Tom Dundon, owner of the NHL franchise Carolina Hurricanes, was hailed as the savior of the Alliance of American Football in February, only to be decried as its destroyer just a month and a half later. His initial investment allowed the fledgling league to keep its doors open after two weeks of play, but he was the one who made the decision to terminate the league after eight total weeks, two shy of a complete regular season, and well before the postseason was set to begin.
With the AAF in bankruptcy, Dundon has now filed a claim, according to Dan Kaplan of The Athletic via Pro Football Talk, seeking a return of his $70 million investment by arguing that he and his associates were significantly misled on a number of issues.
For one thing, he contends in his filing that he was led to believe that his $70 million investment would in itself be sufficient to carry the league through at least its inaugural season. It would later be revealed to him that it would take roughly $120 million–$50 million more—to keep the league afloat long enough to complete the year.
Beyond that, Dundon’s party alleges that he was given the impression that his $70 million investment would, in fact, also help the AAF jumpstart into a second season, and that $55 million would be sufficient to complete the inaugural season with a substantial sum available to put the next into motion.
He claims that the league was not forthcoming about a number of other issues, including the existence of $13 million in outstanding unpaid debts and the fact that there was “ongoing threatened litigation from a past associate who claimed to be a co-founder of the League and who was suing to obtain a 50% interest in the AAF”.
That original investor was Reggie Fowler, who is now facing a possible 70-year jail sentence for bank fraud and operating an unlicensed money-transmitting business. Fowler said that he would commit $170 million to the AAF, originally, before pulling out as the season got underway, and the pending charges faced may have had something to do with it, since his liquid assets were not truly his after all.
If what Dundon claims is true, which is seemingly not incredibly unlikely given the number of things that we have learned after the fact, when that should serve as some vindication for his having been painted the villain. His decision to pull the plug was tied to an apparent demand that the league function as a true minor league for the NFL, but there was clearly much more involved than that.

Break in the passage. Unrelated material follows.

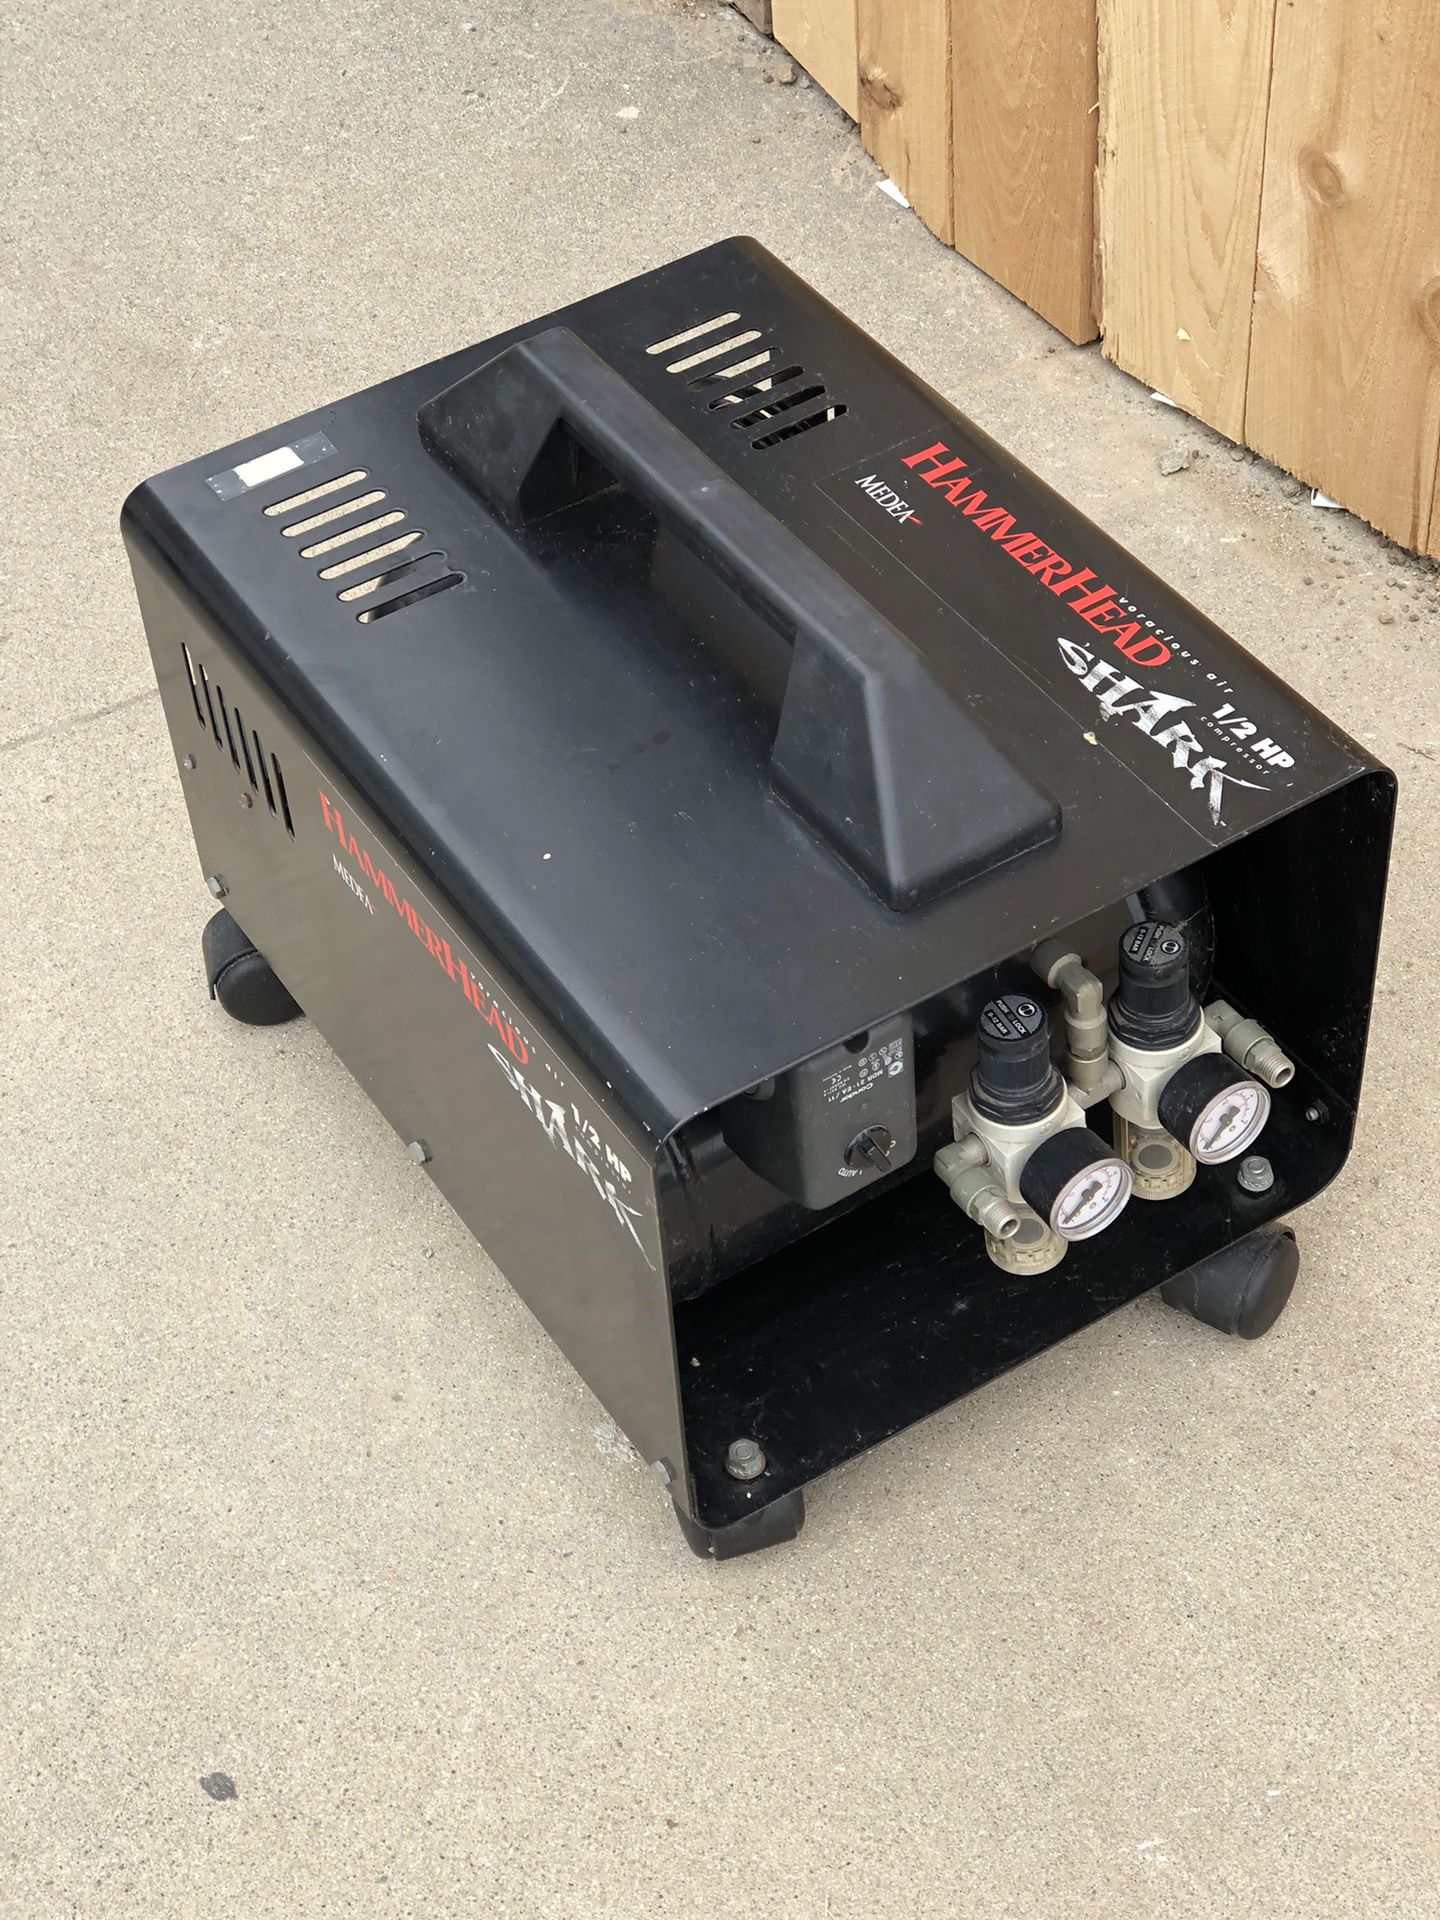 Cool Tooty Airbrush Compressor With Tank By No-Name brand for Sale in  Pembroke Pines, FL - OfferUp

So the AAF’s original chief funder turned out to be a criminal, which wasn’t revealed until the season was getting underway, which prompted the league to mislead Dundon about the circumstances of the matter. And it was the players and those who worked for the teams that suffered the most because of all of this. I truly hope as many of them as possible can find opportunities in the XFL—if not the NFL, or in a college program, in the case of coaches and employees.